I was able to reproduce this crash with the query cache disabled. 

There was a check table running at the time however.

Interestingly, reducing table_cache to 64 prevents the INSERT INTO ... SELECT+CHECK TABLE crash, however only if the query cache is disabled.

I also forgot to mention in my previous post that these crashes always happen in the same function, irregardless of the initiator.

Please, send your my.cnf content and describe exact steps to reproduce this crash each and every time.

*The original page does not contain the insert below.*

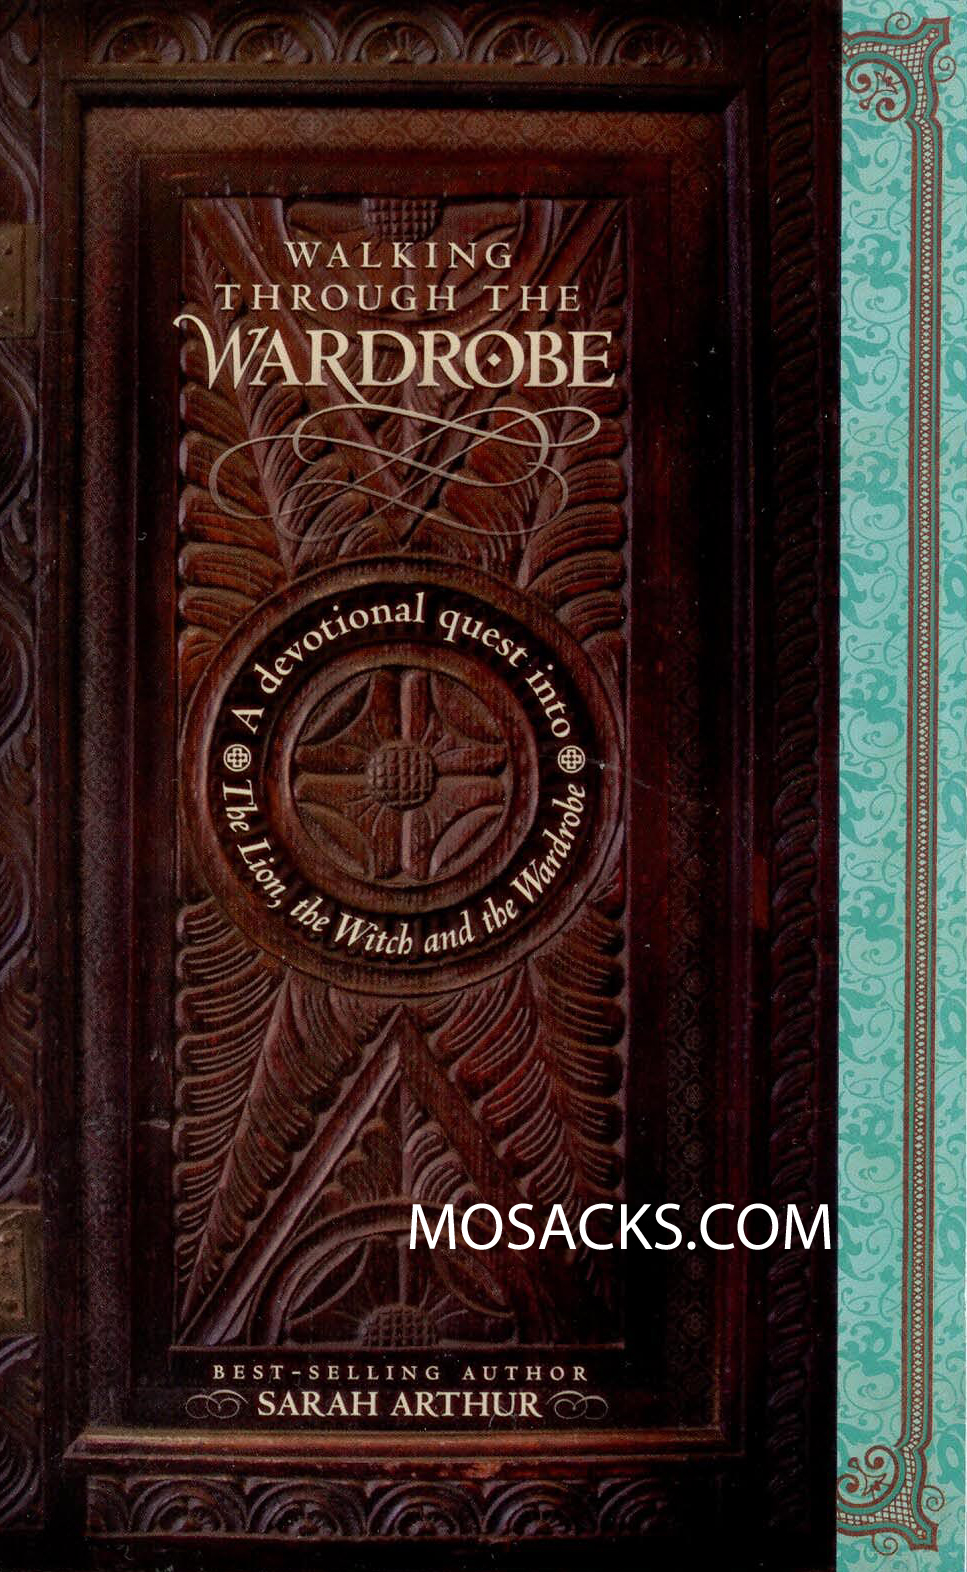 Chronicles Narnia Walking Through The Wardrobe Devotional by Sarah Arthur_out_of_print

I am not able to provide you with an exact method to reproduce this crash. I have tried constructing tables similar to ours without sensitive information, but am unable to reproduce the error.

We have upgraded to 5.0.30 and no longer are having issues however.

Please, send resolved stack trace in case of any similar crash in 5.0.30 (or 5.0.27).

No feedback was provided for this bug for over a month, so it is
being suspended automatically. If you are able to provide the
information that was originally requested, please do so and change
the status of the bug back to "Open".